The group, which regulates and campaigns for organic food and farming, claims that each day Britons eat about 750,000 eggs containing the drug lasalocid, which is mixed into chicken feed to prevent the intestinal disease coccidiosis.
Tests by the Government's Veterinary Medicines Directorate found traces of the drug in 2.6 per cent of samples of eggs and poultry and 60 per cent of quail eggs.
Mark Luetchford, the Soil Association's campaign manager, said: "Even low levels of lasalocid are dangerous to mammals and this raises concerns about how toxic the drug is to humans.
"We know that this drug hangs about in the body, so we could be accumulating it every time we eat eggs or chicken." He claimed the Government's testing programme was "wholly inadequate" because it sampled one in 18 million eggs.

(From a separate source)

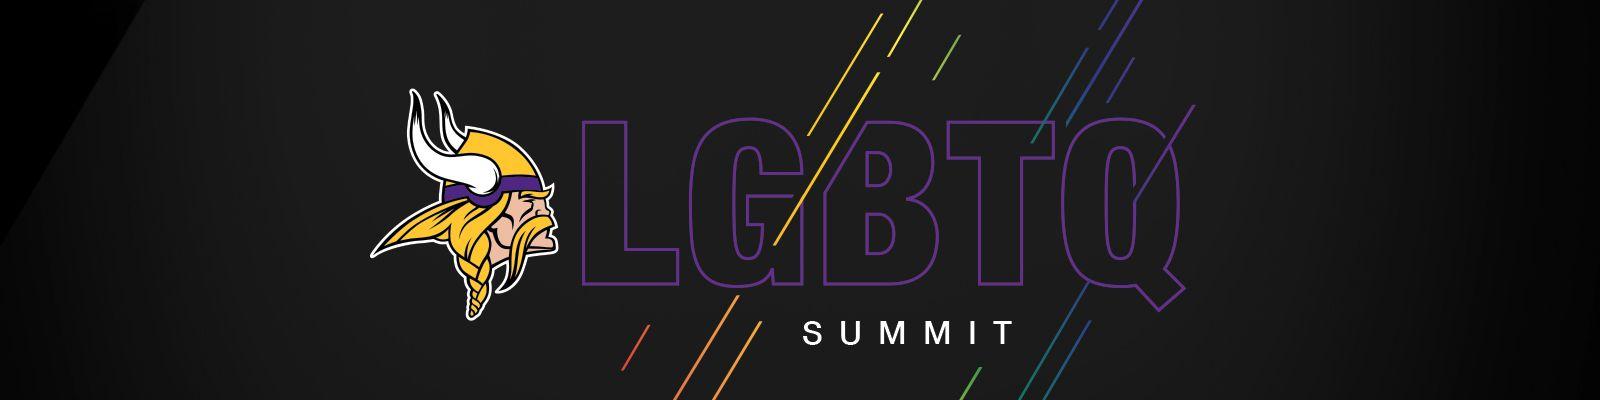 LGBTQ_Header_2_1600x400

In intensive poultry farming, daily doses of lasalocid are given to chickens and turkeys in their feed as a preventive treatment against coccidiosis, an infectious disease caused by a parasite which damages the birds' intestines and can be fatal. Outbreaks of coccidiosis are most likely to occur when large numbers of birds are crowded together in warm and moist conditions.
Tests carried out on rabbits have shown that the drug can cause abnormal heart contractions and tests on the human heart in 1974 showed rapid contractions.
The Soil Association said lasalocid was not used by the organisation's licensed farmers.